Site stats page

At the end of 2019 and 2020 I did some yearly roundups of site statistics. I skipped the yearly statistics for 2021 as I didn’t have time at the end of the year, and resolved at some point to develop a rolling automatically-updated statistics page.

Until now I had a chain of scripts which ended with a log file on my computer. From time to time I would read through the raw logs, usually after publishing a post.

stats_pipeline_local

There’s a lot you can learn by doing this, it’s an approach which works best for a focused inspection of individual visitors. Cloudfront also has a built-in dashboard for an overview of broad trends, but it only goes back a maximum of 60 days.

So, I’ve now made some progress on generating graphs with a few ✨ serverless ✨ Lambda functions on AWS, and now the site has a new statistics page.

The data pipeline looks a little different.

stats_pipeline

The graphs end up in a bucket with public access, and I added a new part to the build script to download the latest graphs and then include them as inline SVGs in the page. The inline SVGs can be styled using CSS, and I took advantage of that to make some tweaks for a dark mode, this approach also means they won’t be cached independently of the page.

The extra page weight still sits well below the 14kB round trip limit when compressed.

Compression	Page weight (kB)
None	25.3
Gzip	4.4
Brotli	3.9

Graphs

The first graph counts visitor numbers per month. The function used to draw that graph is here.

visitor_graph

The initial query filters unique IP addresses, because the volume of requests on their own don’t give a good picture of individual visitors, which is what this graph is for. It could be better, it doesn’t give a good picture of regular or recurring visitors, but you get an idea of the general audience. After filtering out bots, this site settles at around 1,500 probably-human visitors per month (and climbing steadily).

I have another graph which tracks the response type. The function used to draw it is here.

hits_graph

The purpose of this graph is just to measure the performance of Cloudfront. Unlike the first graph, what we’re interested in here is not the volume of requests, just whether they were hits or misses.
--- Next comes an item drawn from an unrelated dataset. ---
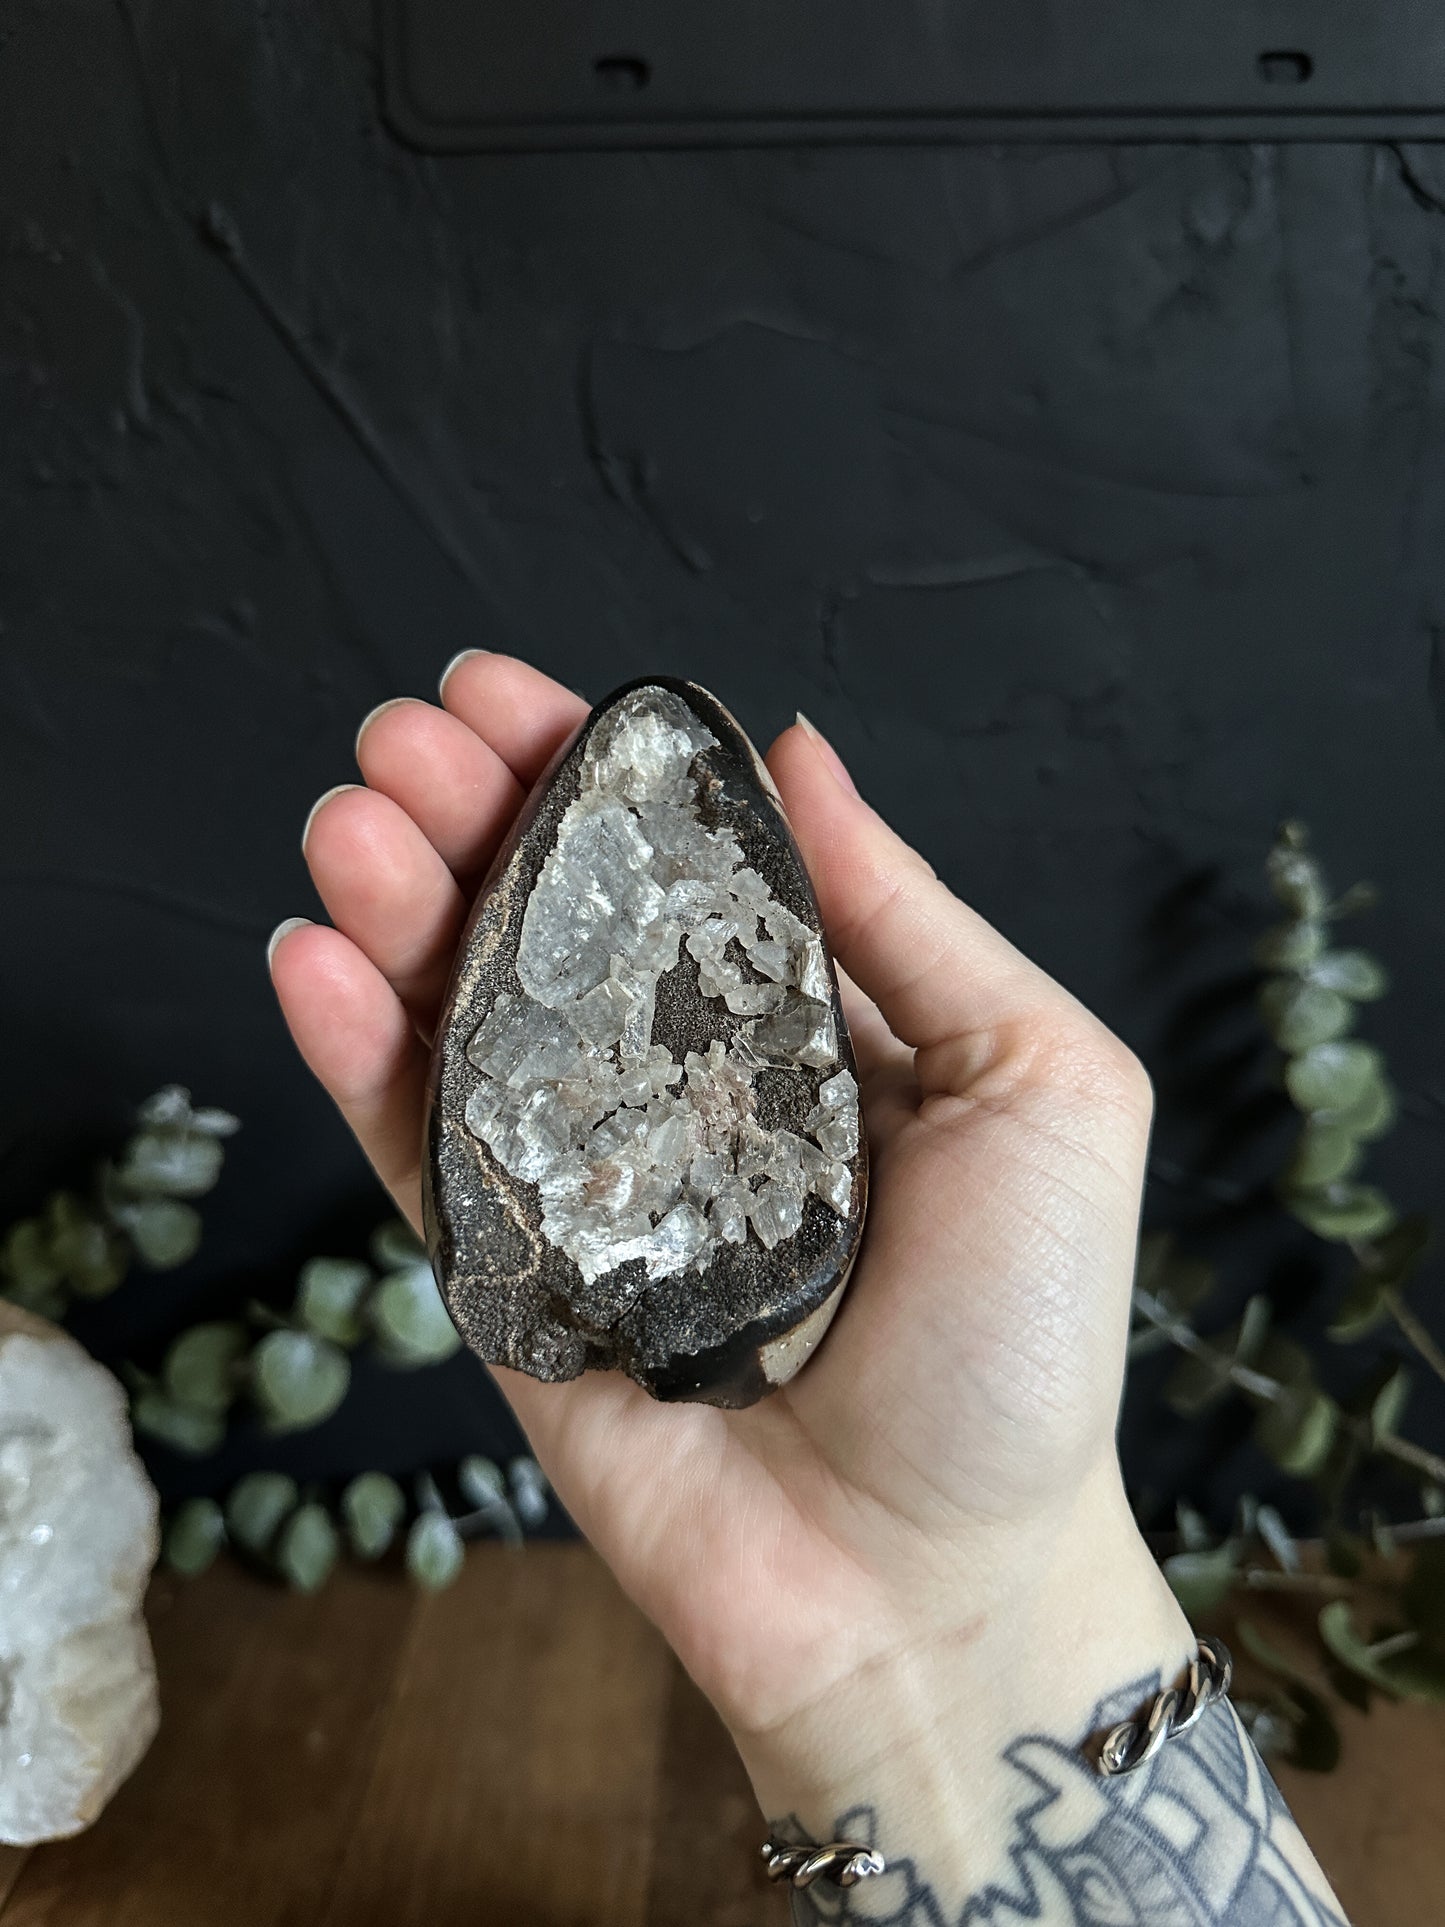 Septarian Geodes with Calcite Inclusions - Your Choice

There isn’t a high hit rate, and that’s a problem of not having a super popular website with no worldwide reach. To prove that the cache does scale up, I did have a short organic traffic spike on one post and saw the hit rate shoot up at the same time. It’s just not generally applicable.

A note about privacy

Every time I tackle this topic I end up diverting into questions about privacy and the ethics of collecting logs. There’s always a contradiction, if I didn’t care who was reading the site I would not look at the logs, I was partly able to justify this to myself in that the logs were being automatically collected anyway whether I looked at them or not.

That justification is getting less and less tenable as at this point I’m keeping archives going back two years and counting. For the purposes of GDPR compliance, IP addresses count as personal information, which would make this a legal question for any large organisation.

I thought about a system where you could click a button, which would call a lambda function, which would remove your IP address from existing logs. The problem with that imaginary system is that if you connect to the site afterwards, your IP address would still get logged again, so, I would need to store your IP address in order to filter it out on an ongoing basis… and that just loops back to the original problem.

Because I care a lot about privacy, I made a hidden service available through Tor specifically for people to view the site anonymously. If you would like to opt out of your personal information being collected, please use the hidden service.

Further improvements

Query optimisation

Currently AWS Athena scans through 224MB of raw (compressed) log files. I’ve already spent a while reading through the Presto docs and tried a few query tricks with no success. Maybe I could write a new lambda function to filter the logfiles before querying them.

None of this is significant in terms of cost, and the query doesn’t have to run fast as it’s asynchronous. Optimisation would be a pursuit of efficiency for its own sake, and more about learning how to filter data in python.

I have a query which collects the eight most popular post-urls from the last month. The query works and returns a comma-separated list, although I’m having difficulty integrating it into Jekyll’s data model.

Other ideas under this are post-related statistics, such as ‘posts per month’, or ‘words per month’. I’ve already looped over ‘posts per year’ on the front page. Again both of these would involve Liquid filters and variables and pushing at what can be done processing things only in Jekyll.

Server timing metrics

There are some new Cloudfront headers which measure performance. I haven’t enabled these yet, but could do so and see if they show anything useful.

Location metrics

Cloudfront can include geolocation headers which guess a visitor’s location. I could try those out. Another less invasive way of tracking location is through the IATA airport code associated with the nearest edge cache which served the request. If I wanted to display that, I would need to link up those codes to a map somehow.

Also, tracking location is definitely a privacy issue.

Browser/device metrics

This refers to the user agent string. I don’t have an idea of how to filter or query that string in a way that is actually useful, and not sure the resulting information is interesting. Is it valuable to know that, at the time of writing, 56.7% of visitors used Chrome or Chrome Mobile?